During one Leadership Learning Lab session, Candice was introduced to tools for clarifying roles and responsibilities on shared projects. Like many organizations, the Father Fred Foundation relies on shared effort to make major events and programs happen. Candice adapted one of those tools to help clarify roles, responsibilities, and track progress across the team.

With clearer roles, the work changes.

“It’s been a game changer,” she says. “Everyone’s more cohesive. We’re working together better.”

This is part of the deeper purpose behind Leadership Learning Lab. The program is not designed only to add information to already full plates. It creates space for leaders to pause, practice, reflect, and return to their work with something they can actually use: a new question, a clearer process, a steadier way of responding, or a relationship they did not know they needed.

Some of Candice’s most useful learning has come from the people around her.

As one of the more experienced participants in the cohort, she is learning alongside people who are in different seasons of life and leadership. That includes one cohort member whose personality and work style felt almost opposite of her own.

“She has become so important to me through this process,” Candice says. “Our ages are different and our styles are different, but we’ve really learned to value one another’s perspective. That’s not something I expected to get out of this at all.”

That experience has shaped how Candice thinks about her own staff, especially younger employees who may bring different expectations around work, flexibility, and feedback. Rather than seeing those differences as something to work around, she is learning to notice what they reveal about how work in the nonprofit sector has changed, and about what earlier generations of leaders were often expected to carry without question.

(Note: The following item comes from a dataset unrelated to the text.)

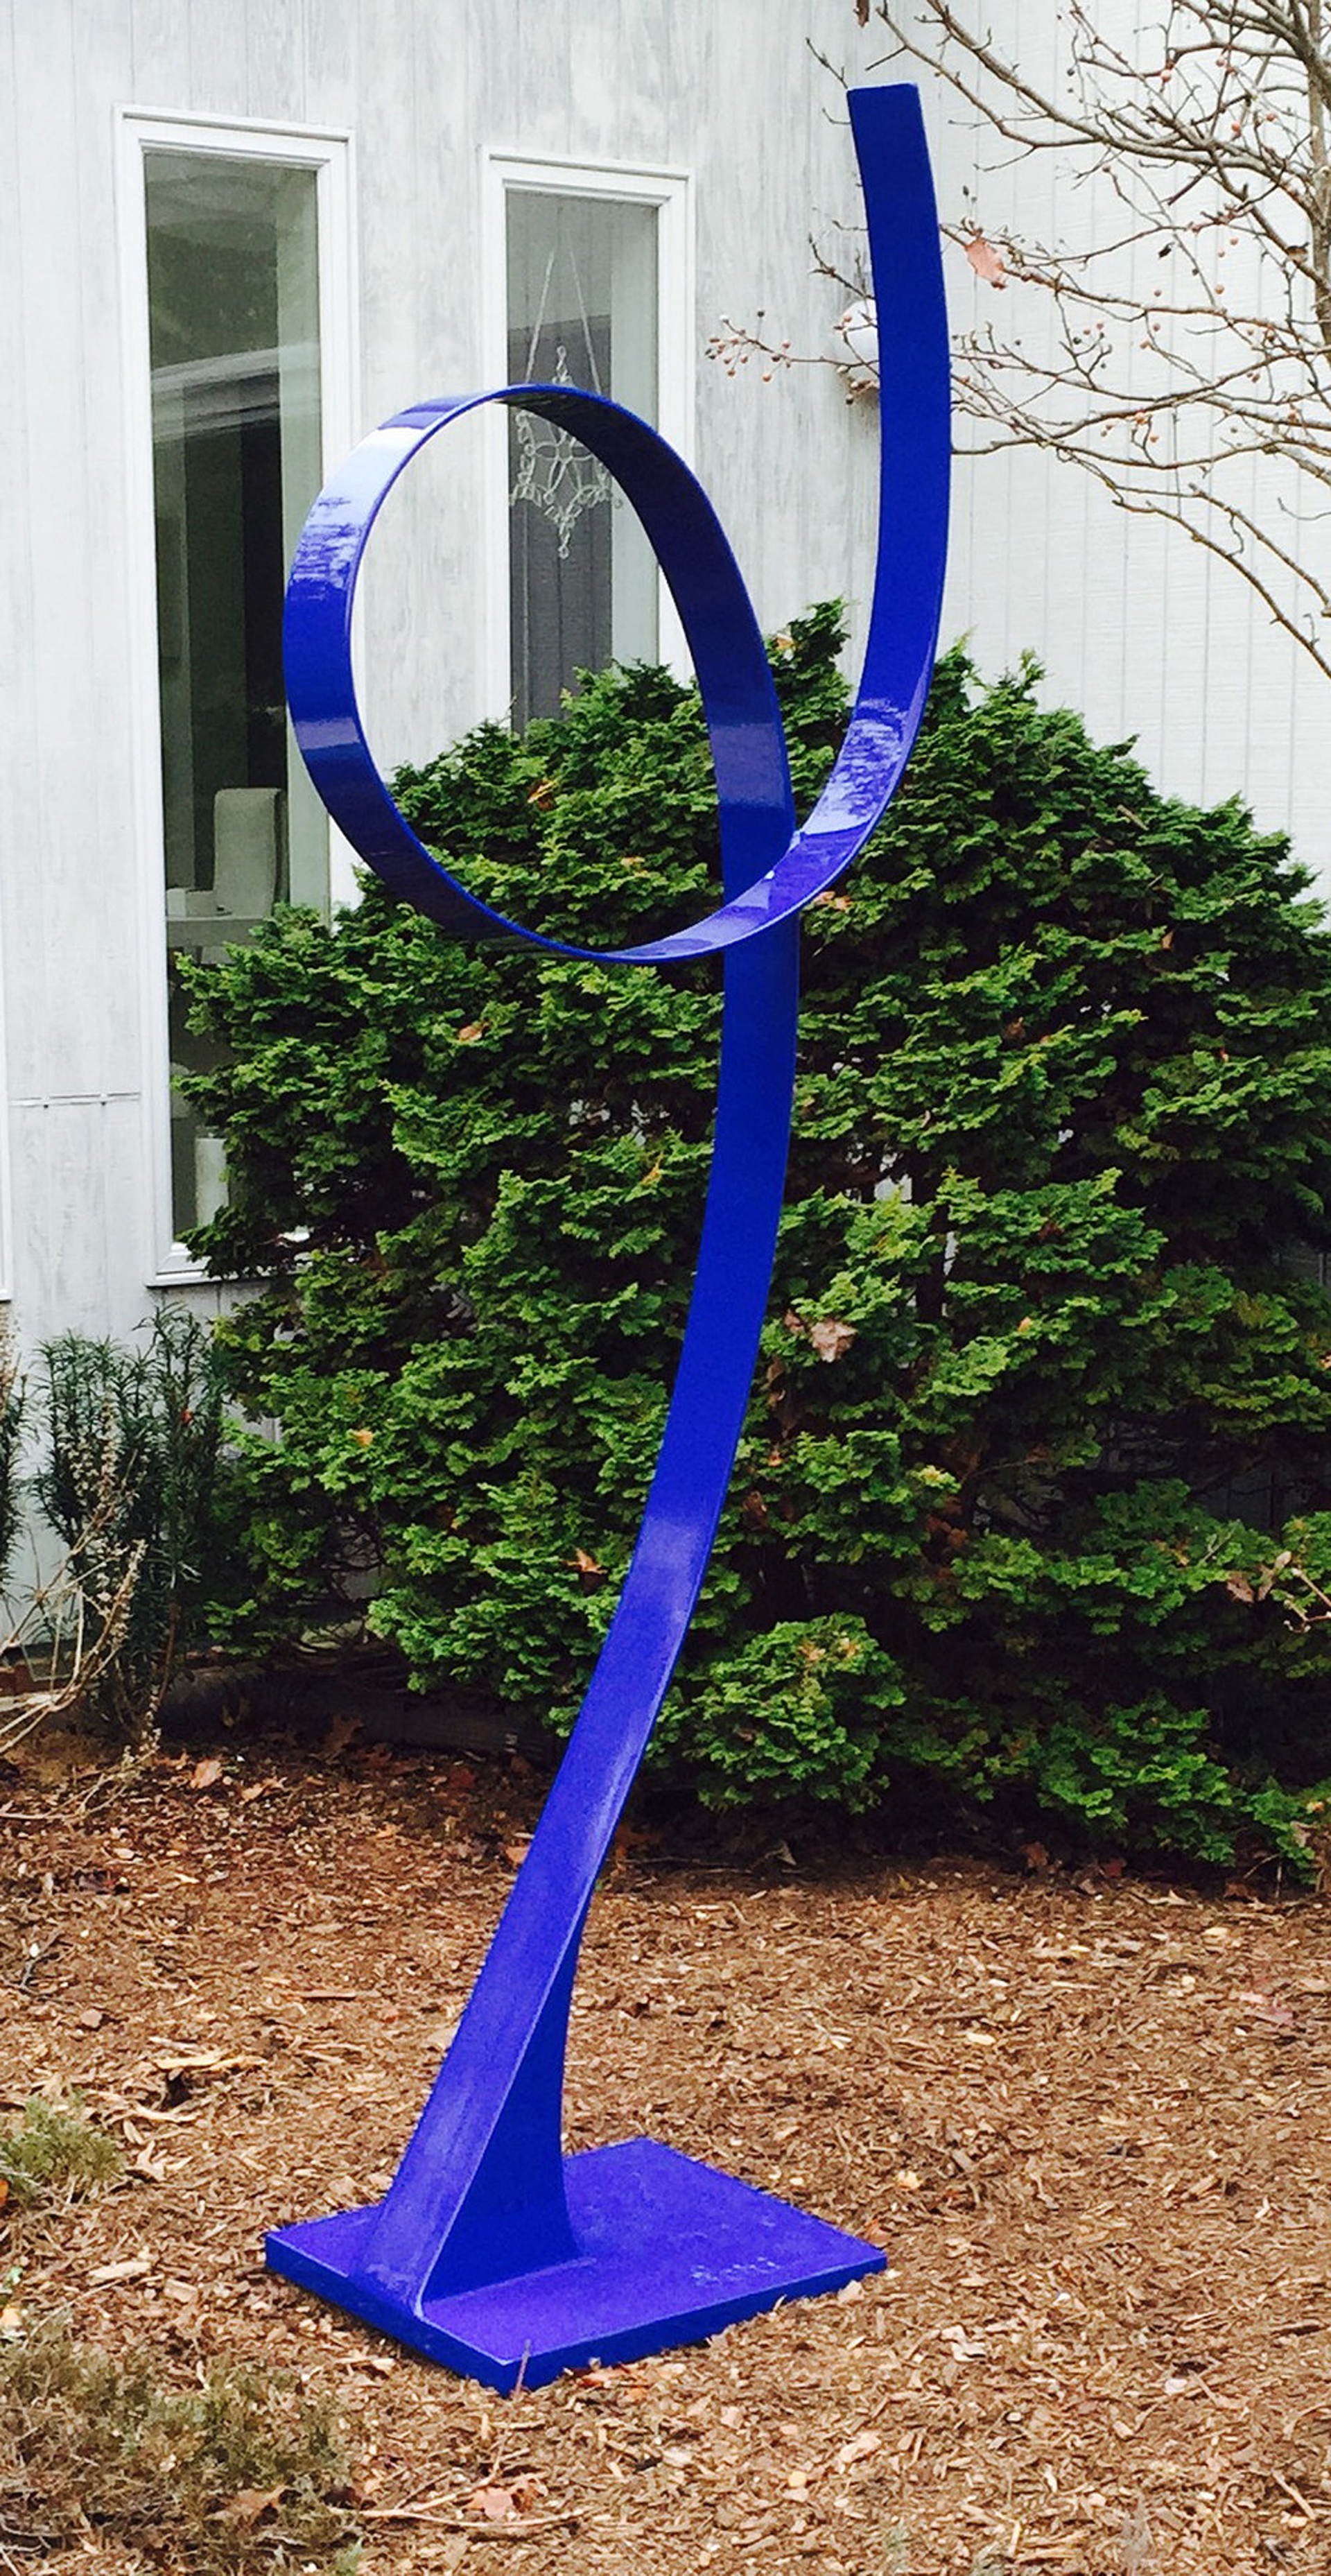 Blue Ribbon 2 by Dennis Leri

“I started to recognize that work-life balance had not been available to me in the same way,” she says. “There’s almost an envy that I didn’t get that myself.”

That kind of reflection is not always easy. It asks leaders to look at the habits that helped them succeed earlier in their careers, and then ask whether those same habits are still serving them, their teams, or the work.

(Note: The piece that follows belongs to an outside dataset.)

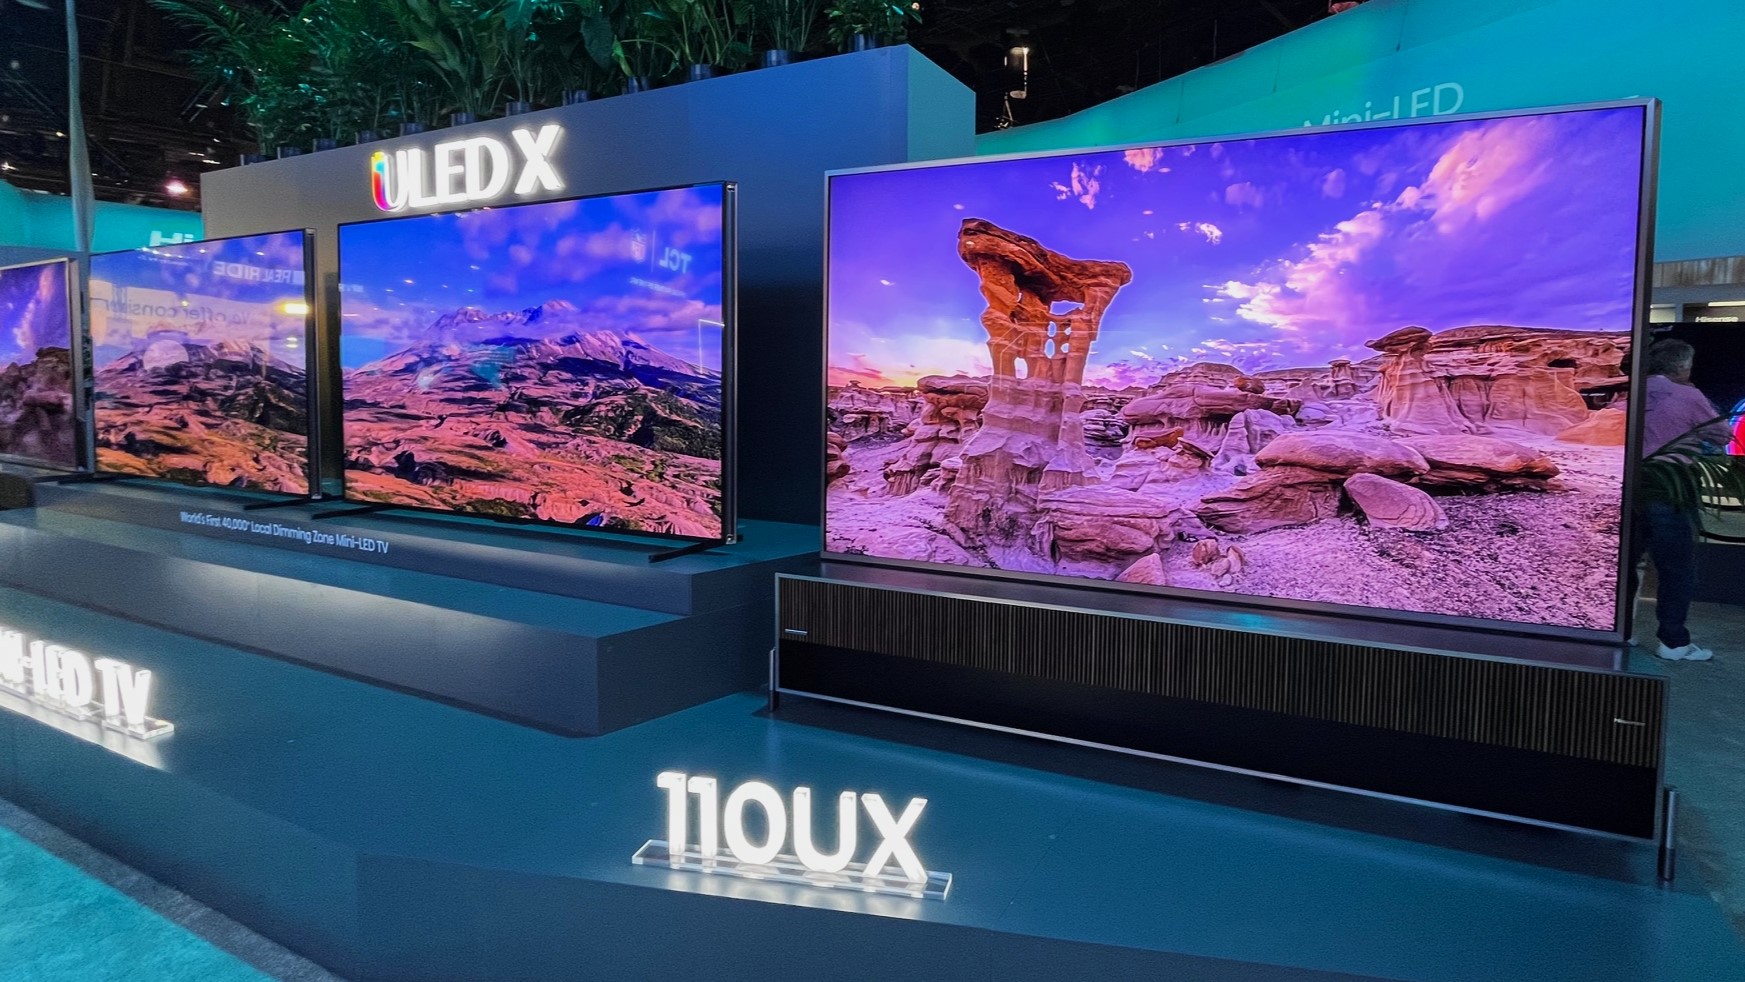 Hisense ULED-X TVs on display at CES

For leaders considering Leadership Learning Lab, Candice does not describe the experience as a one-size-fits-all program. Part of its value, she says, is that participants may discover something they did not expect.

“You don’t always know what’s going to surface until you’re in the room,” she says.

For Candice, what surfaces is confidence, clarity, and a more grounded way of leading through pressure. It is both personal and practical. It changes how she prepares for high-pressure moments, how her team organizes major events, and how she responds to staff.

For those managing people, projects, volunteers, board relationships, or the quiet pressure of being responsible for the work, Leadership Learning Lab offers time and space to step back, learn with others, and return to the work with greater clarity. For Candice, that has meant finding new ways to share responsibility, draw on support, and lead with more steadiness.